That last part of the last sentence is critical. In previous posts, I’ve shared the frustration I’ve had with the floor plan of the mammoth-sized school, with halls dimly lit by fluorescent lighting. There’s a long curved hallway, with small corridors perpendicular at either end, shaped sort of (but not really) like an I. In the middle of the main hallway, is a large stairwell that houses a couple of classrooms. At each end of the small hallways (four in total) there are staircases that have cluster of rooms surrounding them. The main Science area has a main door inside the stairwells but when inside, there are about four classrooms. Currently, they are adding rooms to the building, so just outside the room I was in yesterday, there were construction workers who periodically passed by the window, glancing inside. There’s unpainted fresh drywall here and there, and “No Construction Personnel Allowed Beyond this Point” taped to the doors in the stairwells. How much larger (and more convoluted) the place will be when completed, I cannot imagine.

Knowing I could easily find the room was accompanied by the happy realization that I’d have three Advanced Placement (AP) classes, hinting at an easy day. When I got to the office, I read the teacher’s note, advising me that all three blocks would be spent having the students take a test. That wouldn’t be the most exciting time for me (or for the them), but at least I could spend it posting my blog, reading, and keeping up with e-mail.

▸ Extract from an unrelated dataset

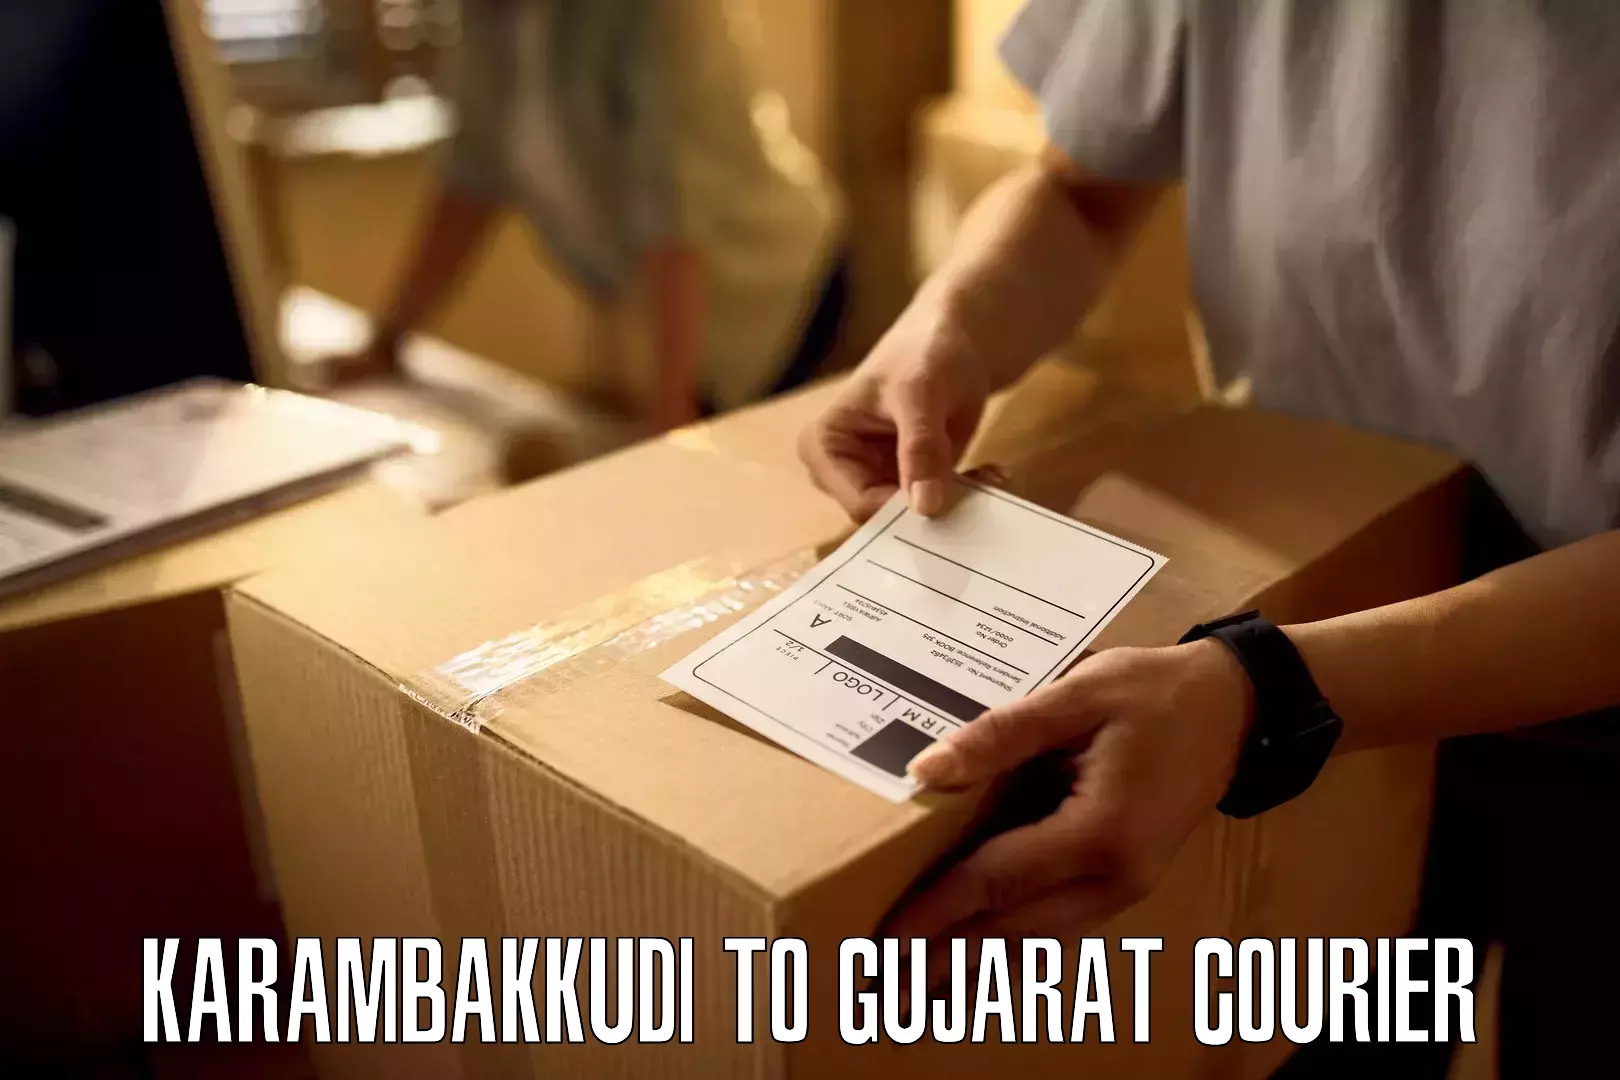 Package forwarding Karambakkudi to Gujarat

A few of the students had accommodations, which means that their IEPs (Individualized Education Plans) let them have more time to take the test. First period, nobody needed to stay. But second period, the one student on an IEP remained through lunch to finish it. I wouldn’t have time to go to the post office, but no matter – I planned to get those submissions out later in the day. Lunch came and went, but the student still had six more questions to go. I hoped I’d have time to heat my soup and eat, but in the meantime, I ate an apple. An hour after second period ended, he finished the test. I rushed to the teacher’s room, but I couldn’t stay because it was cold (the giant window was open, so construction workers could come and go from the roof), so after heating my soup in the microwave, I schlepped back to the classroom with all my belongings. For the rest of the day, I couldn’t get back on the Internet, so I watched the students, wrote a little, and read. When I completed the book, I had thirty-minutes to go.

All in all, an easy subbing day. I had visits from three other teachers, and I was glad that each time the class was quiet and focused, so I appeared in control. Proctoring an exam makes me more like a babysitter than teacher, but it was better than subbing middle school. It was certainly easier than the pre-k class I’d done on Monday. I’d only gotten about a thirty-minute break in all because the children were so unruly that the assistant and I had to help in gym and computer lab, which are normally prep times for classroom teachers. You’d think that gym would be a piece of cake for a bunch of bouncy four-year-olds – NO! There’s still order to what these children are supposed to do, and we were afraid that about five of them would’ve raced around the giant room or hurt one another without an extra adult. During gym, we each got a ten-minute break (It took ten additional minutes just to get them down the hall, leaving just a twenty-minute class), while the other watched the students. We both stayed for computer lab because keeping the kids on task was too much for just the computer teacher. Then we both sat and ate with them for lunch. Each kid needed A LOT of help with lunch (Opening packaging is frustrating for tiny fingers). Then at naptime, I was given a twenty-minute reprieve. The poor assistant didn’t even take a lunch break.

The more I sub, the more I know that working with high school aged students would be best for me. But it also makes me appreciate the hard work that elementary school teachers do, especially with children as young as four and five. Some of those “difficult” children grow out of it, while others become unruly middle-school students and disaffected high school students, which isn’t easy either. But the young ones just need so much – it’s exhausting. It takes a certain kind of person to possess the patience, perseverance and personality. Clearly not me.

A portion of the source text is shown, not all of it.